You must be in a calorie surplus when looking to add muscle mass. In other words, you have to spend your days taking in more calories than your body can burn. This is how you put weight on. Not only that, but you need fuel for these explosive workouts you will be doing. If you are doing the work in the gym, you will be hungry. You should not have to force the food down.
This being the case, keep your protein levels high. That is the main ingredient for protein synthesis. Also, pay attention to carbs and keep them on the high side, as they are the primary source of fuel for you in and out the gym. While you can snack and even use weight gain shakes, I would not rely on these two methods.
Eating cart full amounts of cake, cookies, and ice cream will put weight on you, but NOT the kind of weight you are looking to put on. Remember–we want to put on muscle, NOT fat. Quality over quantity. Whole food meals are your go-to here.
Every four to five hours I advise having a whole food meal with a good portion of protein and carbs. I believe in a high protein meat source, carbs, and some vegetables on the side. They all have their purpose. Vegetables, while not as fun to eat as steak and potatoes, are absolutely essential for regulating important processes in your body, such as digestion. Don’t neglect your veggies!
In terms of when to eat and how often, if you happen to be hungry and cannot wait, then by all means, EAT! The only time I would advise not eating is when you aren’t hungry. If you eat when you aren’t hungry, you are adding to that calorie surplus for muscle growth, but you also add the risk of putting on unnecessary body fat whenever you do this excessively.
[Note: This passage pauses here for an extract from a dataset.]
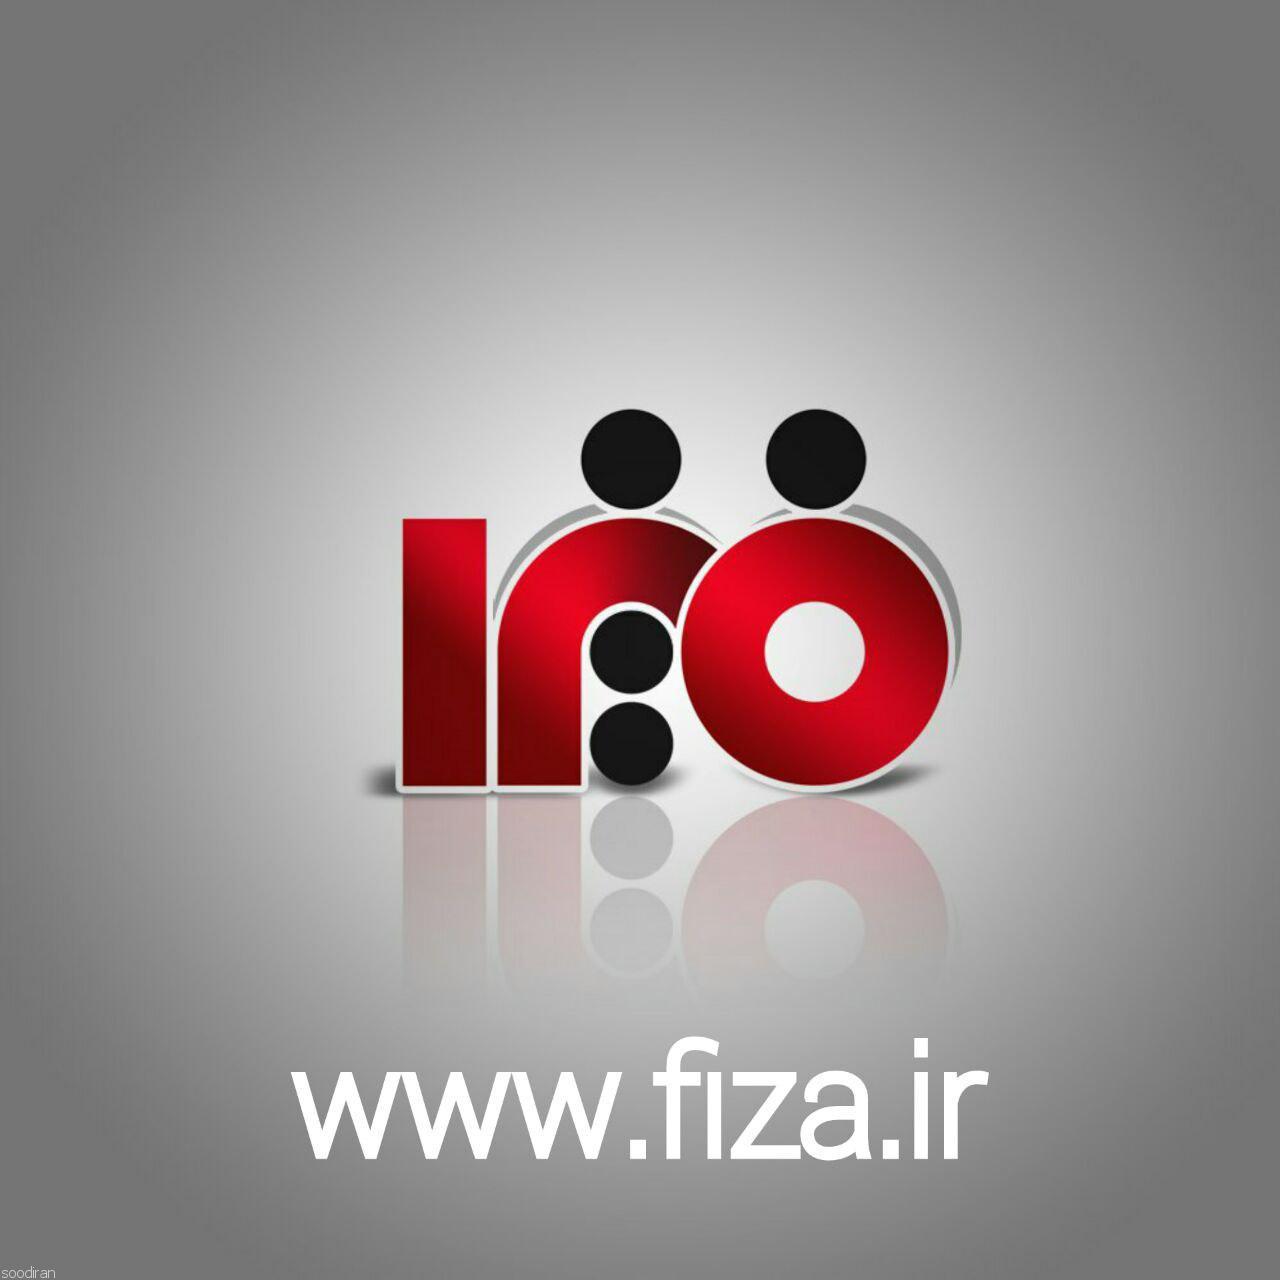 همکاری در فروش اینترنتی fiza.ir-pic1

Over time, learn to pay attention to the mirror–that will tell you how far to take it. How your clothes “fit” you are another great indicator–in particular the waistline. If your clothes are getting too tight around the waist, back off on the calories and number of meals, although, I do not suspect that will be too much of a problem for the ectomorphs out there. The key is not to be moving up multiple pants sizes–by all means slow down on the eating at that point. I will not go into tracking calories and carbs and the like at this time. The main priority is getting you on a schedule where you are eating a meal every couple of hours. We can work on fine-tuning things later.
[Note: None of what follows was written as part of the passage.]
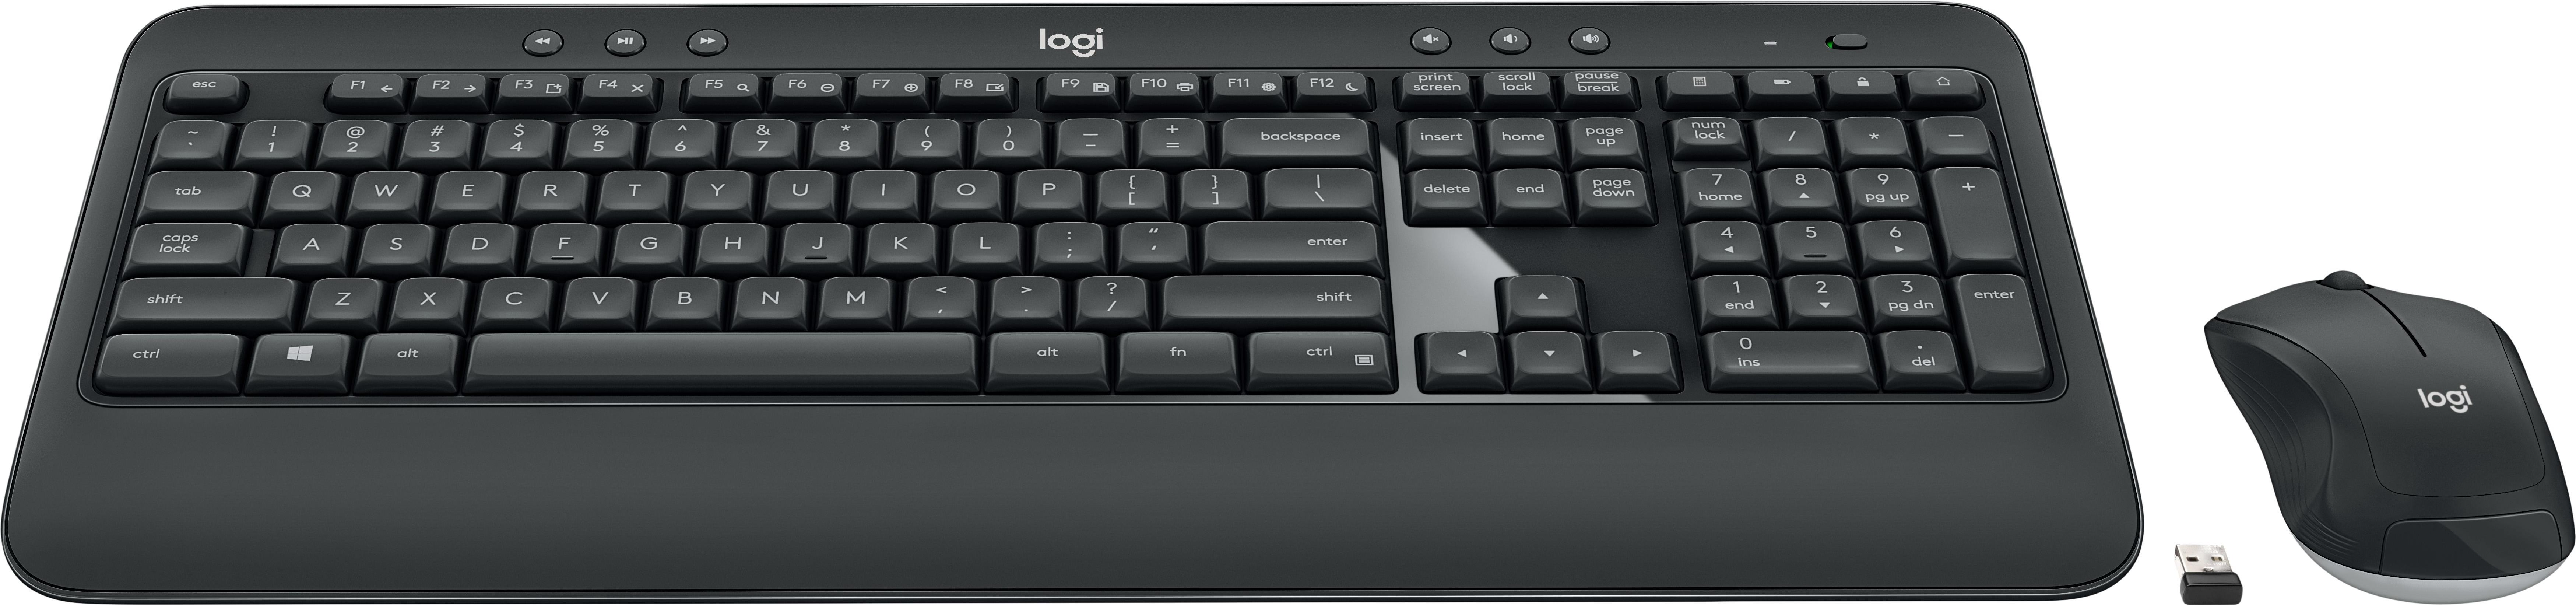 Logitech MK540 Advanced (920-008685)

One last thing–as a natural drug-free steroid free lifter–give this time!
You MUST be patient. You are not going to put on 10 or 20 pounds of muscle in a month. You will see progress though. Whenever I start any new program, I like to give it 2-3 months minimum. In that time, expect to see some strength and size gains and some newfound pep in your step.
Limit your cardio. Focus on the mass gaining basic exercises I outlined. And eat a surplus of whole food while keeping excess snacking to a minimum. Remember, you want to gain quality weight in the form of muscle as opposed to excess body fat.